Hepple describes Alex as “the whole package.” But, to hear Alex himself tell it, another Newhook may someday be an even bigger star.

At the draft, Alex filled out a questionnaire to help people get to know him better. It was an opportunity to showcase himself, but instead he decided to put some serious respect on his sister’s name.

“Not a lot of people know that I … have a sister who is better than me at hockey,” Alex wrote.

The significance of the move was not lost on Abby.

“It’s just crazy for him to take a moment like that focused on him and turn it to someone else, especially his sister,” said Abby. “It’s so cool that he thought of me in that moment.”

Following a similar path to her brother, Abby moved to Marion, Mass., last season to attend Tabor Academy, a prep school that’s only about an hour away from Boston College — where she herself will begin attending in 2021.

Dating back to that year she played with Alex at Atom level, Abby had always played with boys – even captaining her Bantam triple-A team when she was in Grade 9 – but she knew she’d eventually have to make the leap to girls’ hockey.

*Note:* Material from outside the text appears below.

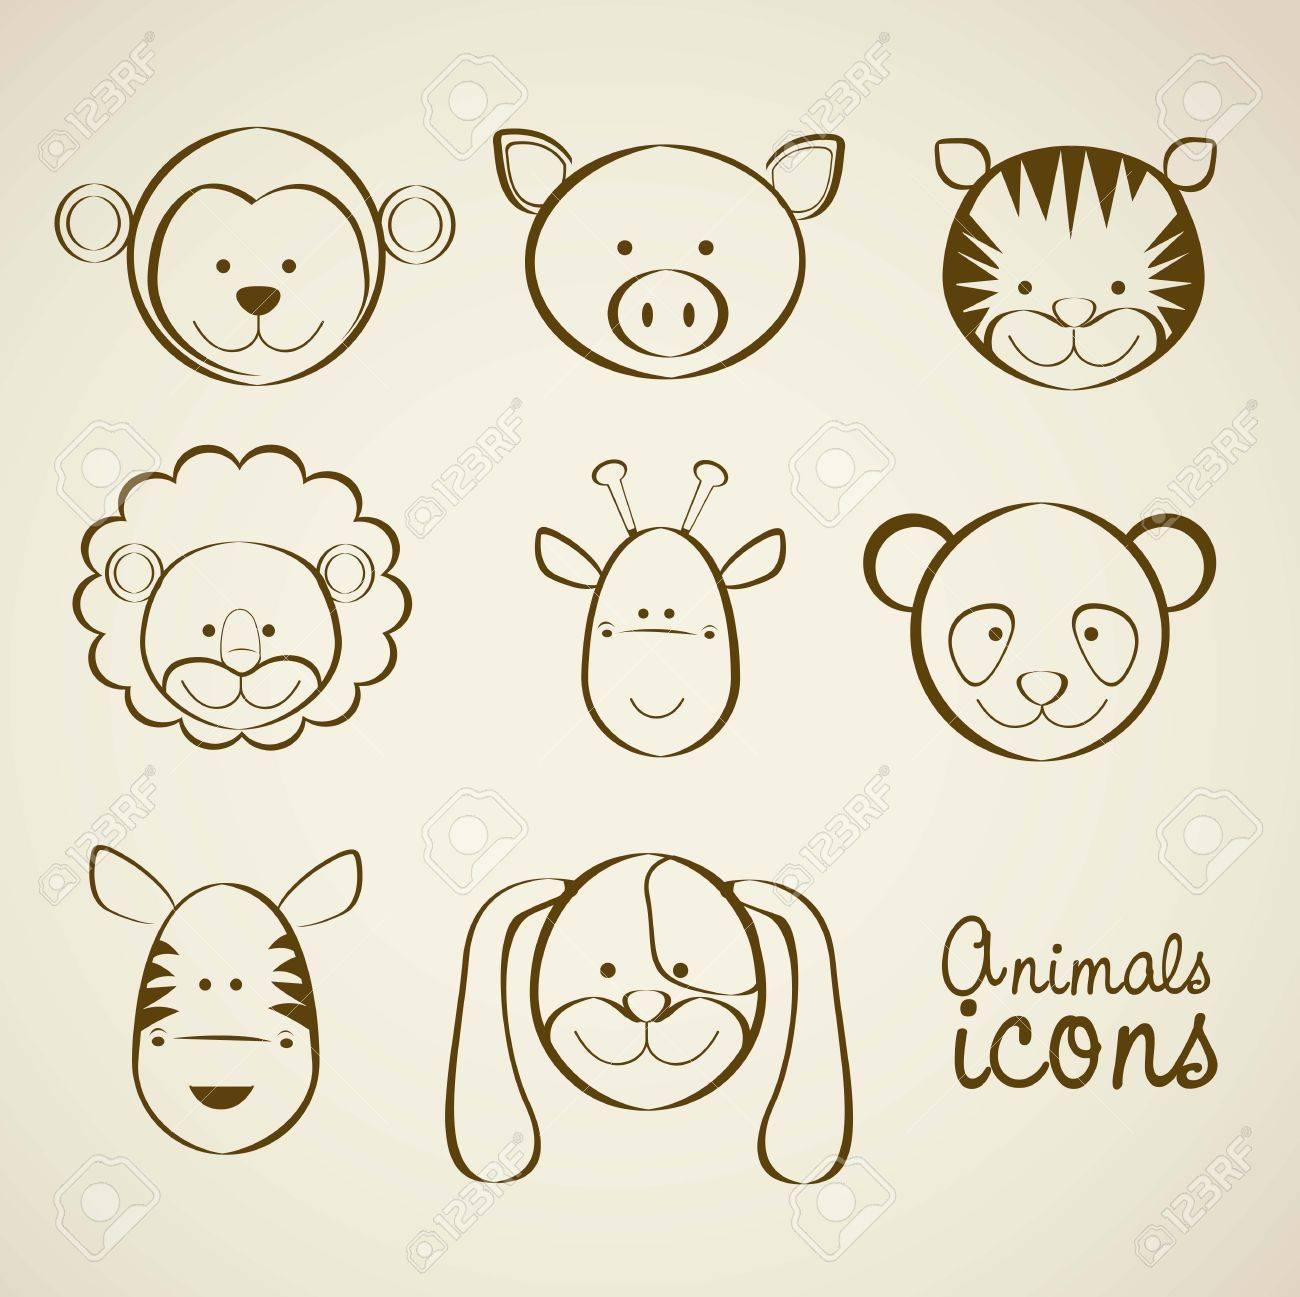 Illustration of animal icons illustration of giraffe, zebra, monkey,  panda, tiger, pig, dog, lion. Stock Vector - 16126095

“Going into Grade 10, really, she knew she had to make the transition,” said Paula. “Like, she loves the aspect of checking in the game, and it worked for her in Bantam. But going into Midget, when there’s a two-, three-year age gap…. She had to find girls’ hockey that was really up to her level, and so that’s why she chose to go down to the Boston area.”

At Tabor, Abby experienced an adjustment period in terms of balancing hockey and academics, but on the ice, she stepped in seamlessly.

“She came right in as a 15-year-old last year at a highly competitive level,” said Eric Long, Tabor’s girls’ varsity hockey head coach. “She’s a really top-end talent in our league.”

Abby Newhook carries the puck as a member of the Tabor Seawolves. (Courtesy of Newhook family)

Given that Abby held her own against teams mostly comprised of 17- and 18-year-olds, Long is bullish on her potential.

“She will create a scoring chance or do something good on every shift,” said Long. “She’s not one of those kids that floats around. You’ll look at the stat sheet and she’ll have two goals and you’ll be like, ‘How does she only have two goals?’ Every time she’s out there something good is happening.”

Long has had the opportunity to coach a couple under-18 gold medalists recently in Sammy Davis and Kelly Browne, the latter a sophomore at Boston College. He sees a lot of the characteristics he saw in those players in Abby, who has her eyes on cracking Canada’s under-18 national team in the summer of 2020 and eventually becoming an Olympian.

“She’s as good or better than those kids, for sure,” said Long. “So I hope she’s in that conversation [to make the Canadian under-18 team] because I know she’s working really hard and I know she’s a top-level kid.”

Alex and Abby have traversed nearly parallel paths to try to accomplish their shared dreams. It’s a path they’ll continue to walk together.

“Even to this day people say, ‘I can’t believe they’re so close,’” said Paula. “But I think it’s the total mutual respect for the game, and I think they appreciate each others’ talents and definitely encourage each other all the time. It’s a bond that they’ve always had and is awesome.”